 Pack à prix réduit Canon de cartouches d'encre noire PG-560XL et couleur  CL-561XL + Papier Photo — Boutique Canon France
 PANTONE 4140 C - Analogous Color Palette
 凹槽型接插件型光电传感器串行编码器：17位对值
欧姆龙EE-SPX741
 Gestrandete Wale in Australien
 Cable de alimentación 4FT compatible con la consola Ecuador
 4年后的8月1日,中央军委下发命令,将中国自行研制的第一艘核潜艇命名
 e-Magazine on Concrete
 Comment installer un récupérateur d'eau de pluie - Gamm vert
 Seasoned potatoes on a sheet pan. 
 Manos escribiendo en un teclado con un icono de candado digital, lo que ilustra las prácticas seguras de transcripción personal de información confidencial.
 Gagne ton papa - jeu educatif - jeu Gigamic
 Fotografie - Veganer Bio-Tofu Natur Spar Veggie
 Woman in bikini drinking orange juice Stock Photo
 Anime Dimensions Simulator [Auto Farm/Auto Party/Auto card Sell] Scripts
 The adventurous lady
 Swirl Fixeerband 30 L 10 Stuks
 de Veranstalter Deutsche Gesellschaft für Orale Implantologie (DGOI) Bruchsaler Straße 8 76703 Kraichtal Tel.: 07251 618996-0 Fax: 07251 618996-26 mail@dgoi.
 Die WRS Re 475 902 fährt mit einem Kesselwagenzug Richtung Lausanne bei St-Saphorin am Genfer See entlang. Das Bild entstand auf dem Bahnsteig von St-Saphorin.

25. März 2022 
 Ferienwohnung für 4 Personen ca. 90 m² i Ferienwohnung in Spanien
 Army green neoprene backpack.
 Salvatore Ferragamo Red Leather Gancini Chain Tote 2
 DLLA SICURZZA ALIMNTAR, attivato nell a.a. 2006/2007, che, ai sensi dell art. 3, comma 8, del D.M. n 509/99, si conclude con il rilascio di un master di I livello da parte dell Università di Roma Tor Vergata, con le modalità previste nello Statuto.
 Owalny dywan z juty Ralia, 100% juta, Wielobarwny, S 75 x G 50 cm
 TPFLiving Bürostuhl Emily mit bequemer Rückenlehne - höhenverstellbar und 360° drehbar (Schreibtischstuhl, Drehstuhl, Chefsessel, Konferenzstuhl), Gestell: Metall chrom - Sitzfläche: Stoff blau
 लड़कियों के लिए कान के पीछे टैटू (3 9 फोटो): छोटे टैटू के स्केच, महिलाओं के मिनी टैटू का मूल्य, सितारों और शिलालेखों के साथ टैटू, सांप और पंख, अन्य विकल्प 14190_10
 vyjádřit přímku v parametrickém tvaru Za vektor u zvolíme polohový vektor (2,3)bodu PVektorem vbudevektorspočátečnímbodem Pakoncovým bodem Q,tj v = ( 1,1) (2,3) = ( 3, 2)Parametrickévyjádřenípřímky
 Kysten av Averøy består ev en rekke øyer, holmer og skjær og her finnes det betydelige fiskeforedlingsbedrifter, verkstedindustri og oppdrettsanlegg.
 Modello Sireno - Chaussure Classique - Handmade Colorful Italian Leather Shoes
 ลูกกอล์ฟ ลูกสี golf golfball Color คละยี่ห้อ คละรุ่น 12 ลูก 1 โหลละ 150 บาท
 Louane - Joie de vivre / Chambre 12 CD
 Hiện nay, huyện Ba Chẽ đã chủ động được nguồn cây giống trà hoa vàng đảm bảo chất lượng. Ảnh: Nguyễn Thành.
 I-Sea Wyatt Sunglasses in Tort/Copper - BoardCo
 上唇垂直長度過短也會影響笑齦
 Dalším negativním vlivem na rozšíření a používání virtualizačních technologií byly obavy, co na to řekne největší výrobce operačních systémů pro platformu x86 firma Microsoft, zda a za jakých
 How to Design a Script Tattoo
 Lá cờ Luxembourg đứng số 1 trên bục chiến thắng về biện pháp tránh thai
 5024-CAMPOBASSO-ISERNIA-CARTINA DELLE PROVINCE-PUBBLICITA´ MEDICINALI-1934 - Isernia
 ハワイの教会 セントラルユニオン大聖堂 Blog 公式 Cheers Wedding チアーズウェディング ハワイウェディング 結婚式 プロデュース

▶ _Activity_: The lines holding the string "Leather" are what is needed from the material above.

▶ _Response area_:
 Salvatore Ferragamo Red Leather Gancini Chain Tote 2
 Modello Sireno - Chaussure Classique - Handmade Colorful Italian Leather Shoes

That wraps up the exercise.